From AI ambition to a prioritized roadmap.

We work alongside your product and engineering leadership to assess your current state, identify the highest-leverage opportunities, and turn them into a rhythm of prototypes your team can run. The goal is a strategy your engineers actually believe in, grounded in what's feasible today and ready to evolve as each experiment teaches you something new.

Where AI actually moves the needle

You know AI can change your product. The hard part is figuring out where it actually moves the needle, how to ship it without breaking what already works, and which opportunities are worth real engineering investment versus a quick wrapper around an LLM. Most teams we talk to have a long list of ideas and no shared way to decide which ones are real.

The teams that get this right move deliberately. They don't chase every demo on Twitter, and they don't get left behind by competitors who shipped something real. We help you stay calibrated: skeptical of pattern-matching on the latest launch, ambitious about the bets that fit your data, your users, and the engineering capacity you actually have.

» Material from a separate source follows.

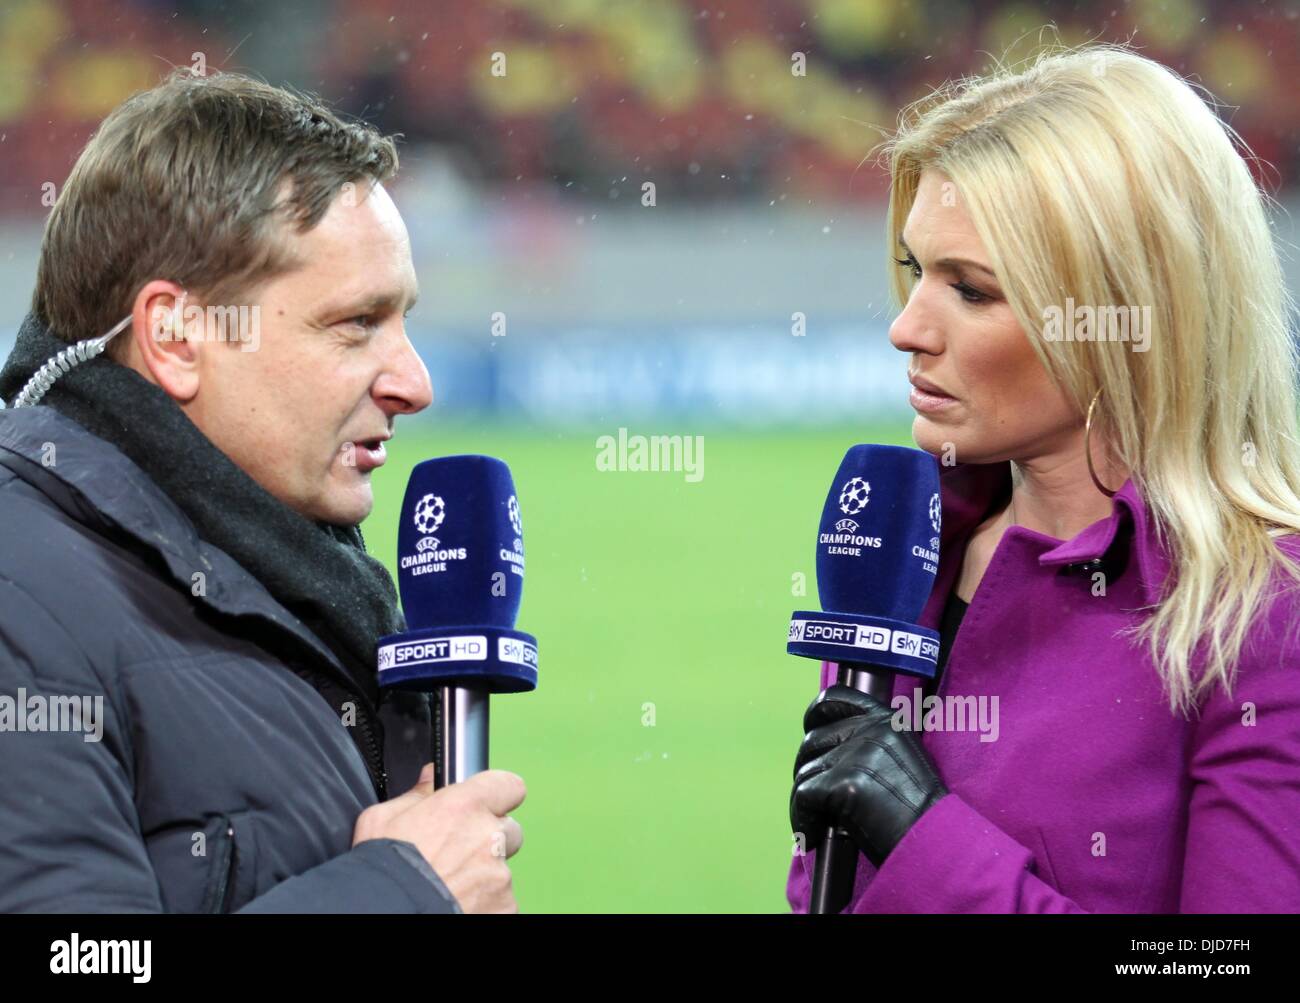 Bucharest, Romania. 26th Nov, 2013. Managing director Horst Heldt (L) of Schalke is interviewed by Jessica Kastrop prior to the UEFA Champions League Group E soccer match between FC Steaua Bucharest and FC Schalke 04 at National Arena stadium, in Bucharest, Romania, 26 November 2013. Photo: Friso Gentsch/dpa/Alamy Live News Stock Photo

WyeWorks engineers prototyping an AI feature

Prototype the riskiest bets

We build small proofs-of-concept to de-risk the assumptions that matter most. The shortest path from open question to evidence is usually a working prototype: code you can interact with, instrument, and learn from. By the end of an engagement, the riskiest bets are tested in running code, so the rest of the roadmap is grounded in what we already know works.

How the strategy unfolds

A working rhythm of prototypes and experiments, each with its own success metrics and cost control, plus a clear point of view on evaluation, privacy, and model selection. Each experiment surfaces the next natural step, so the riskiest assumptions get tested in running code rather than assumed. And a team that's calibrated on what AI can and can't do for your specific product, ready to keep iterating without waiting on another round of strategy.

How we engage

AI readiness audit

We review your data, infrastructure, team capabilities, and existing product surface to find what you can leverage today versus what needs investment first.

Opportunity mapping

Workshop sessions with your product and engineering teams to identify use cases ranked by user impact, technical feasibility, and time-to-value.

Discovery cadence

A rhythm of prototypes and experiments, each with its own success metrics and cost control, plus shared guardrails on privacy and model selection.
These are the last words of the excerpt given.